OMAHA (DTN) -- Mostly favorable conditions for Brazil soybean harvest, and a stormy six-to-10-day forecast in the central United States, are the key weather items for the commodity trade's attention Tuesday.
BRIEF DRIER MIDWEST TREND
The DTN ag weather forecast calls for dry conditions and variable temperatures across the Midwest during the next five days. A new round of rain and snow is indicated in the six-to-10-day time frame. Saturated soils and flooding concerns are widespread ahead of the spring season.
MIXED SOUTHERN PLAINS OUTLOOK
In the Southern Plains, southwestern areas have prospects for rain and snow to offer some needed soil moisture during the next few days. An active pattern in the next week has the potential to bring significant rain and snow to the region.

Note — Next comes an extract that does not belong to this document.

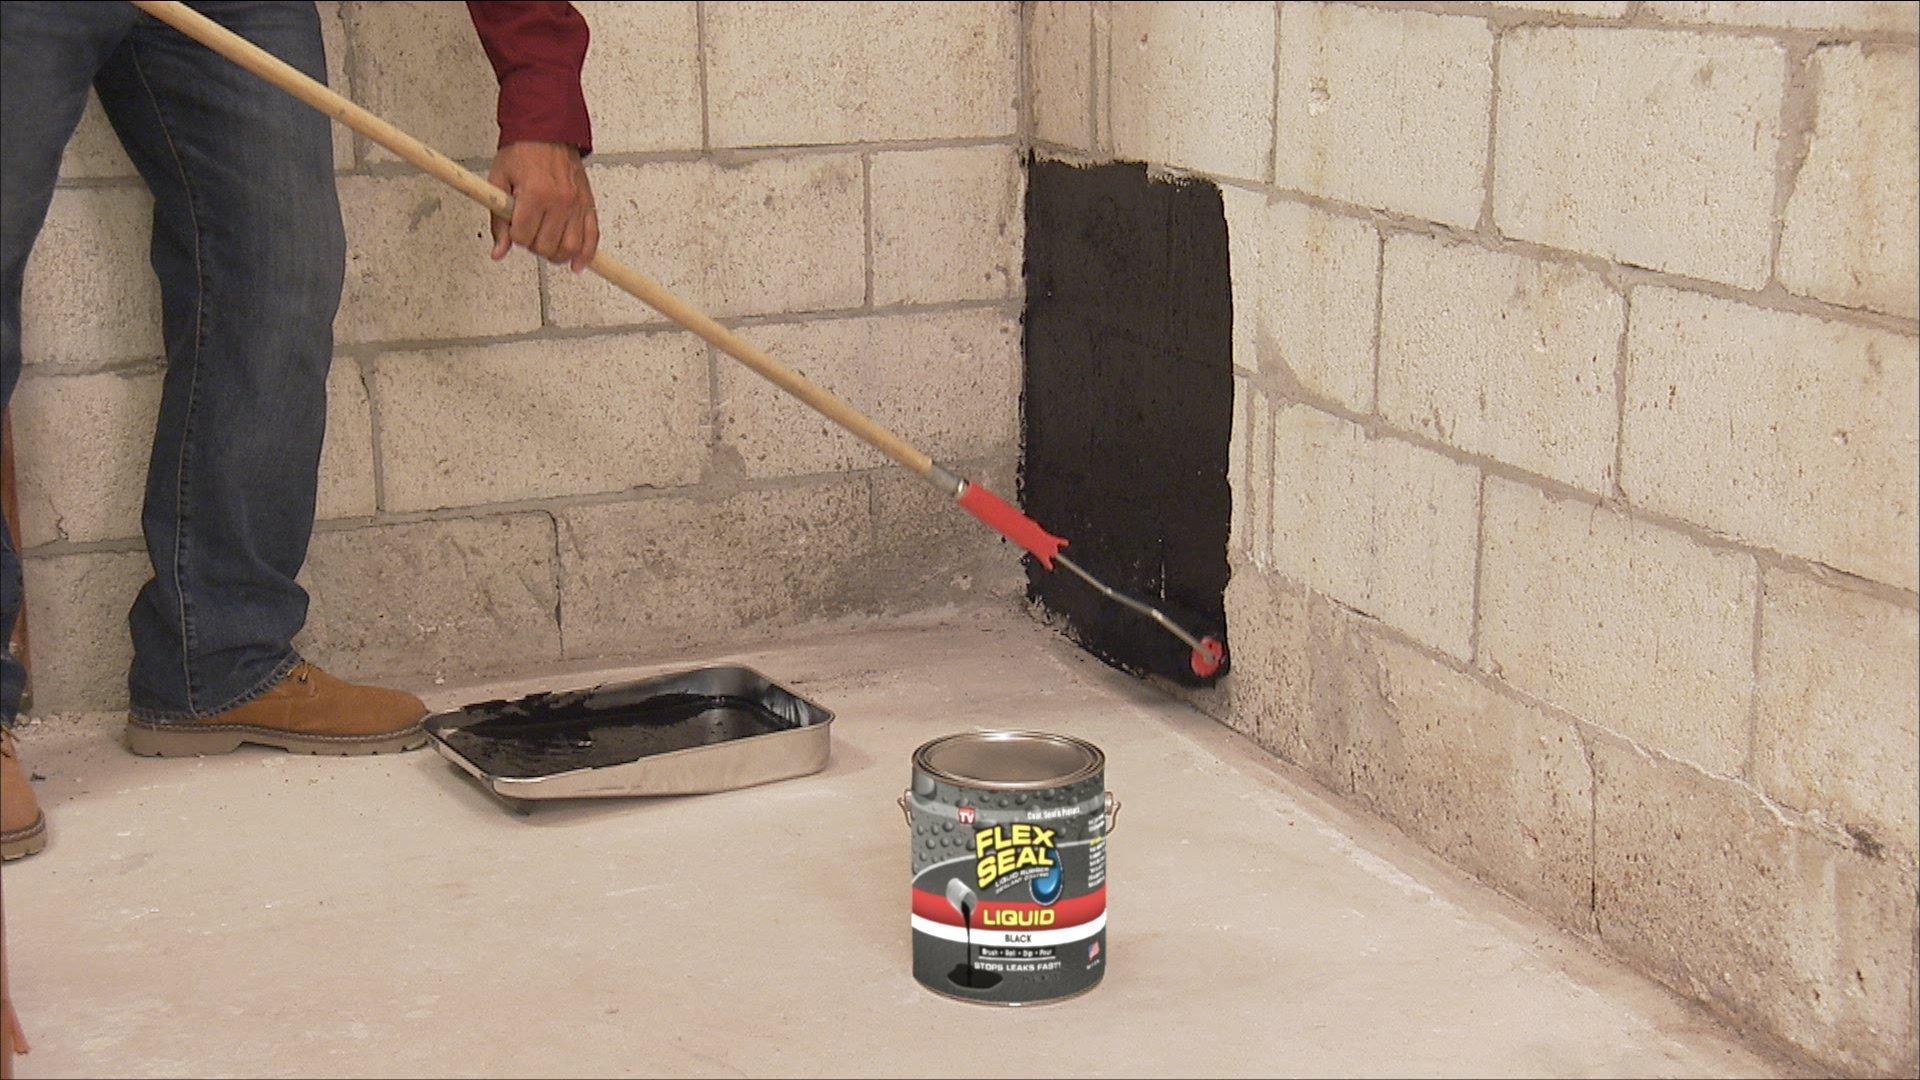 Flex Seal Liquid Rubber in a Can, 32-oz, Black by Flex Seal Liquid (Image #6)

VARIABLE NORTHERN PLAINS PROSPECT
Northern Plains temperatures show a move toward more seasonal values after a very cold early week pattern. A return of colder conditions, along with the prospect of moderate to heavy snow, are indicated in the six-to-10-day time frame.
FAVORABLE BRAZIL HARVEST TREND
Across Brazil, periods of showers in central Brazil offer favorable moisture for second-crop corn, while bringing only minor delays to soybean harvest. Harvest progress is in line with average, and production estimates continue to point to a record crop in 2020. Southern and northeastern crop areas will be drier; however, little adverse impact to the total soybean crop size is expected.
USEFUL ARGENTINA MOISTURE
Argentina had moderate-to-heavy rain during the past weekend, providing favorable moisture for row crops. The pattern turns drier in the next week; however, temperatures will be below normal, thus limiting stress from the drier trend.
WARM AND DRY IN BLACK SEA REGION
Russia and Ukraine continue with above normal temperatures through the next 10 days. Soil moisture is in short supply in much of Ukraine.
MORE AUSTRALIA WHEAT DROUGHT DAMAGE
Historic drought in Australia has again reduced wheat crop prospects. Latest official estimates have the wheat crop declining to 15.5 million metric tons, the lowest in 12 years.